Only one span of the material below is wanted. Output it exactly, from the line with "Sanlorenzo Yachts SL88-541 Profilo" through the line with "Murray Custom Home", without any pictures.

** Material provided **
>>>
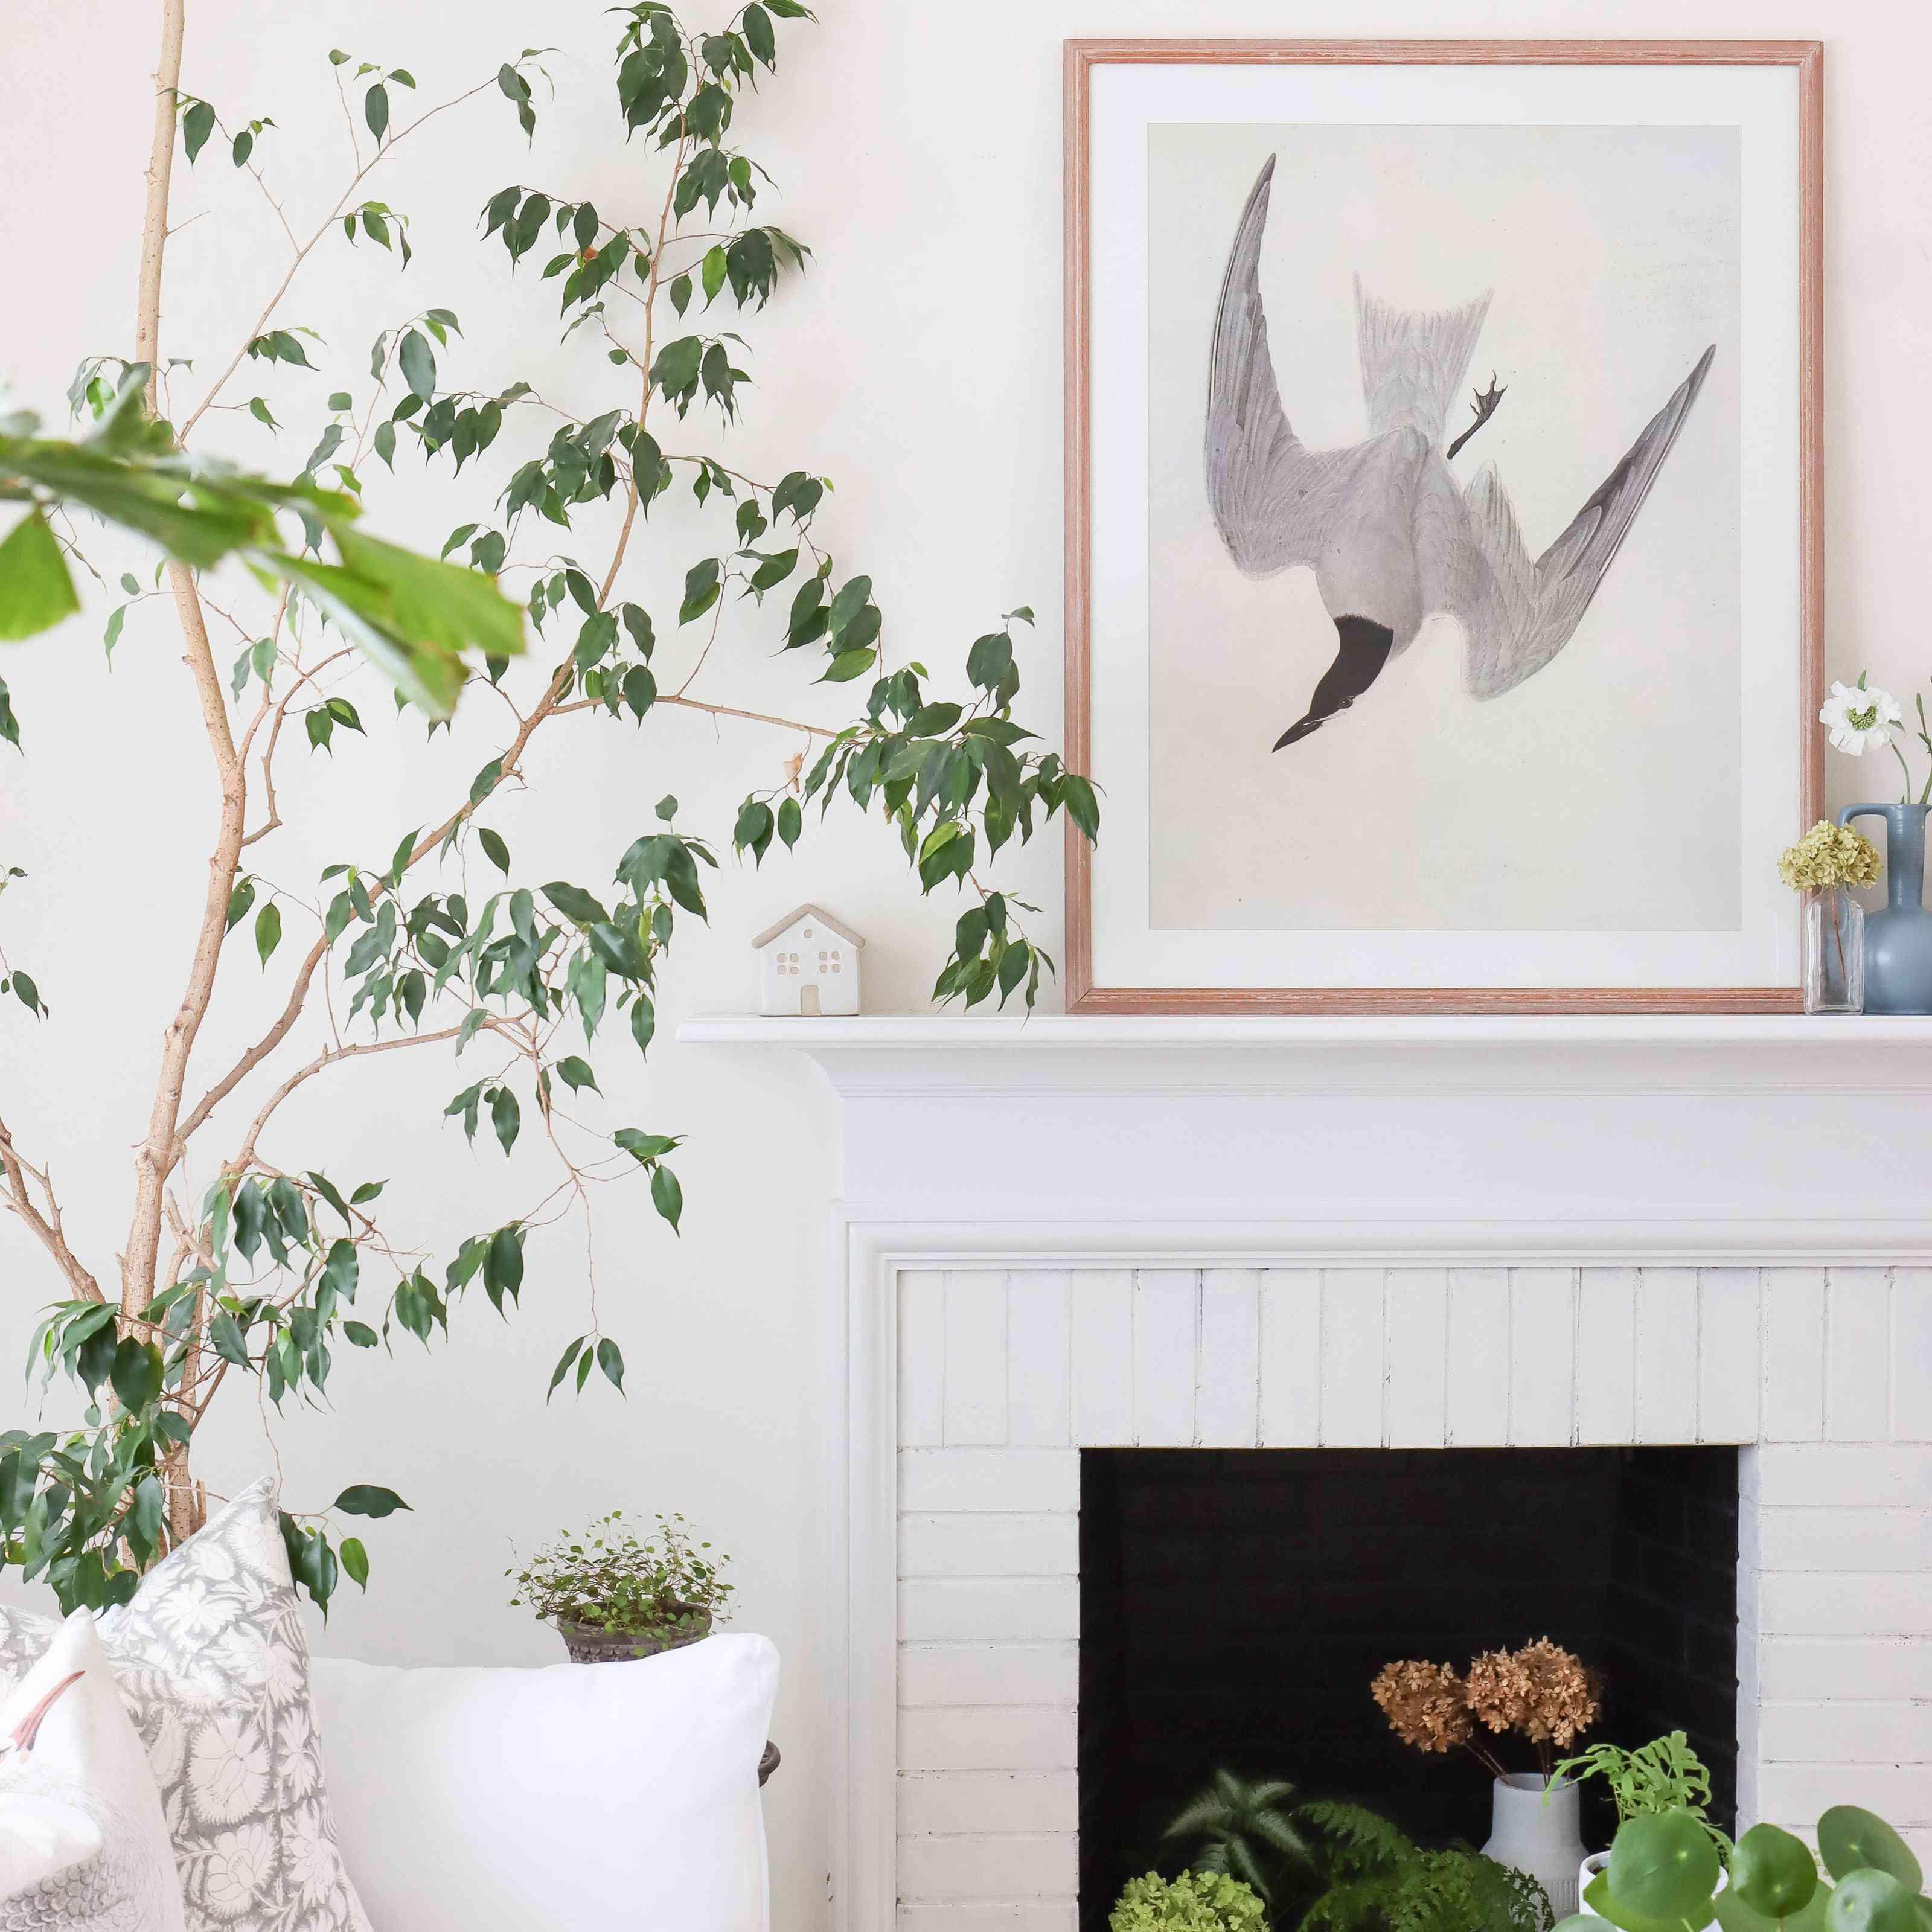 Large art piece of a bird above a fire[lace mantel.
<<<
>>>
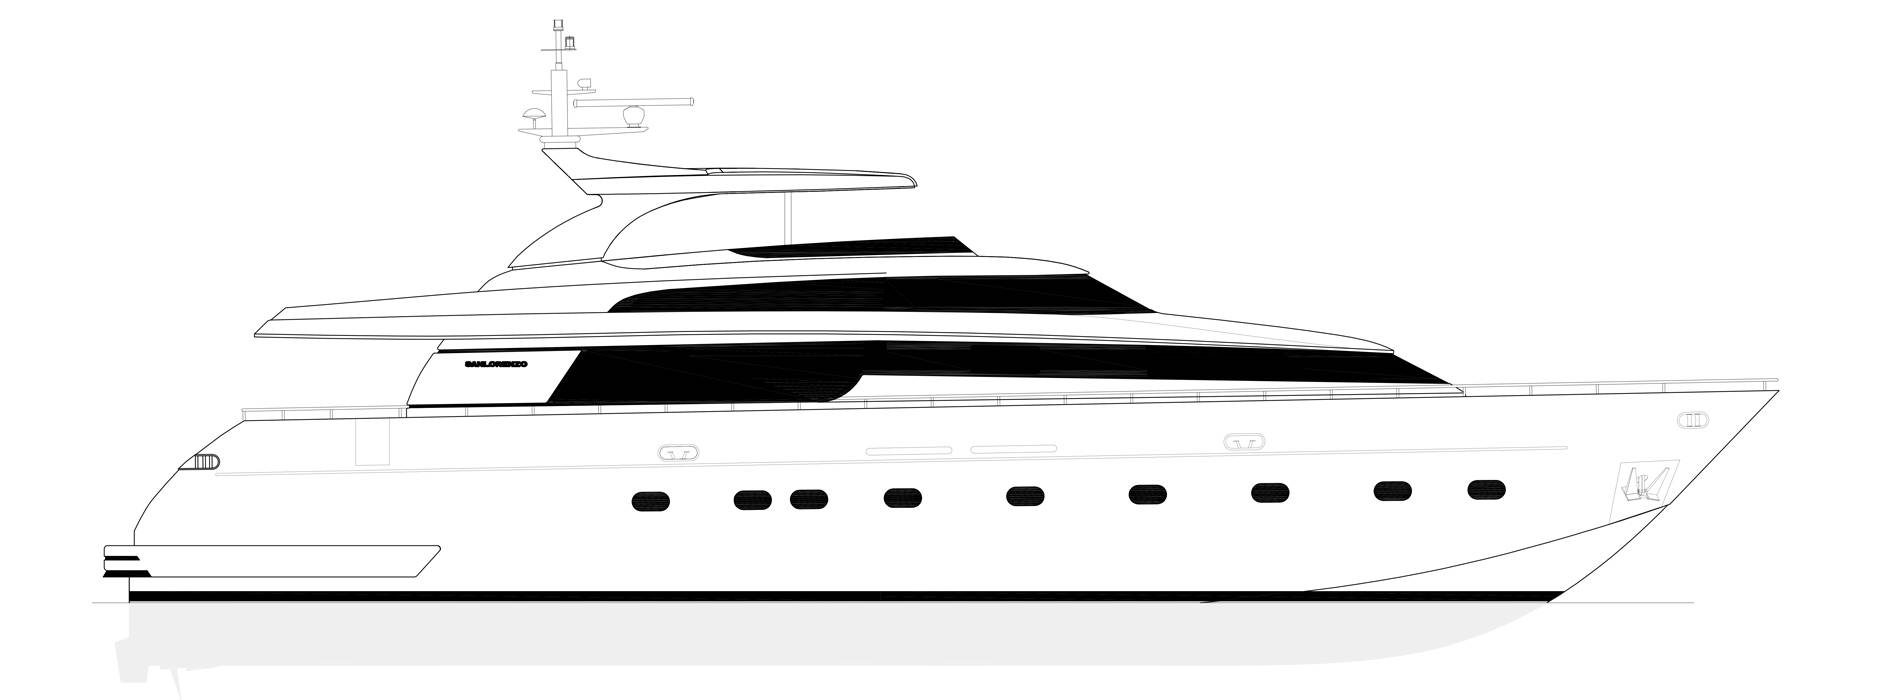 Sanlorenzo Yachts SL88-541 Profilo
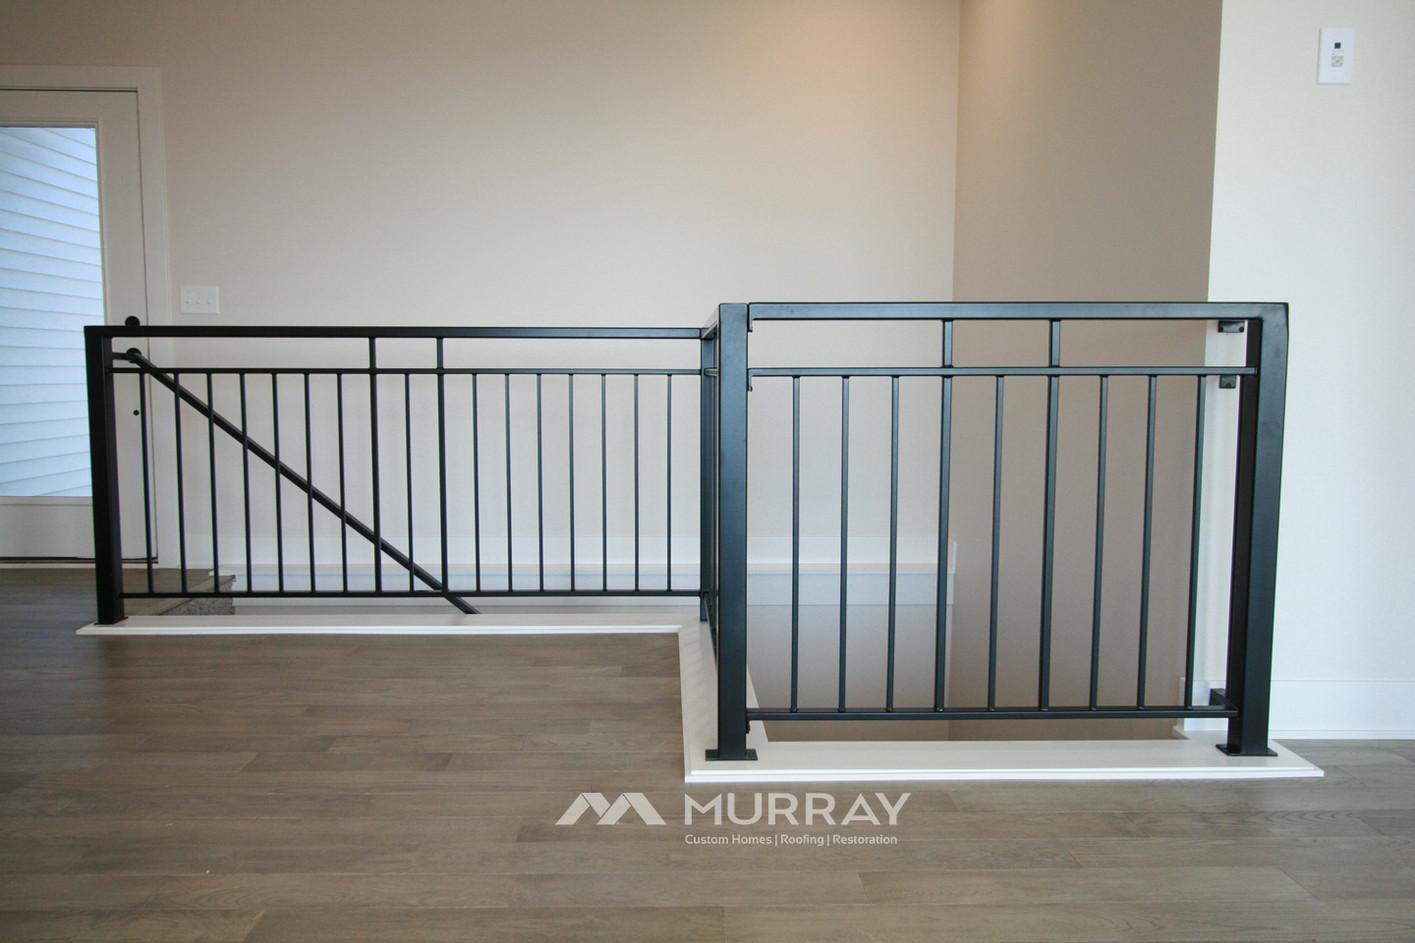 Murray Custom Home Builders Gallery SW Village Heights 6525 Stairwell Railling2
<<<
** Response to the exercise **
 Sanlorenzo Yachts SL88-541 Profilo
 Murray Custom Home Builders Gallery SW Village Heights 6525 Stairwell Railling2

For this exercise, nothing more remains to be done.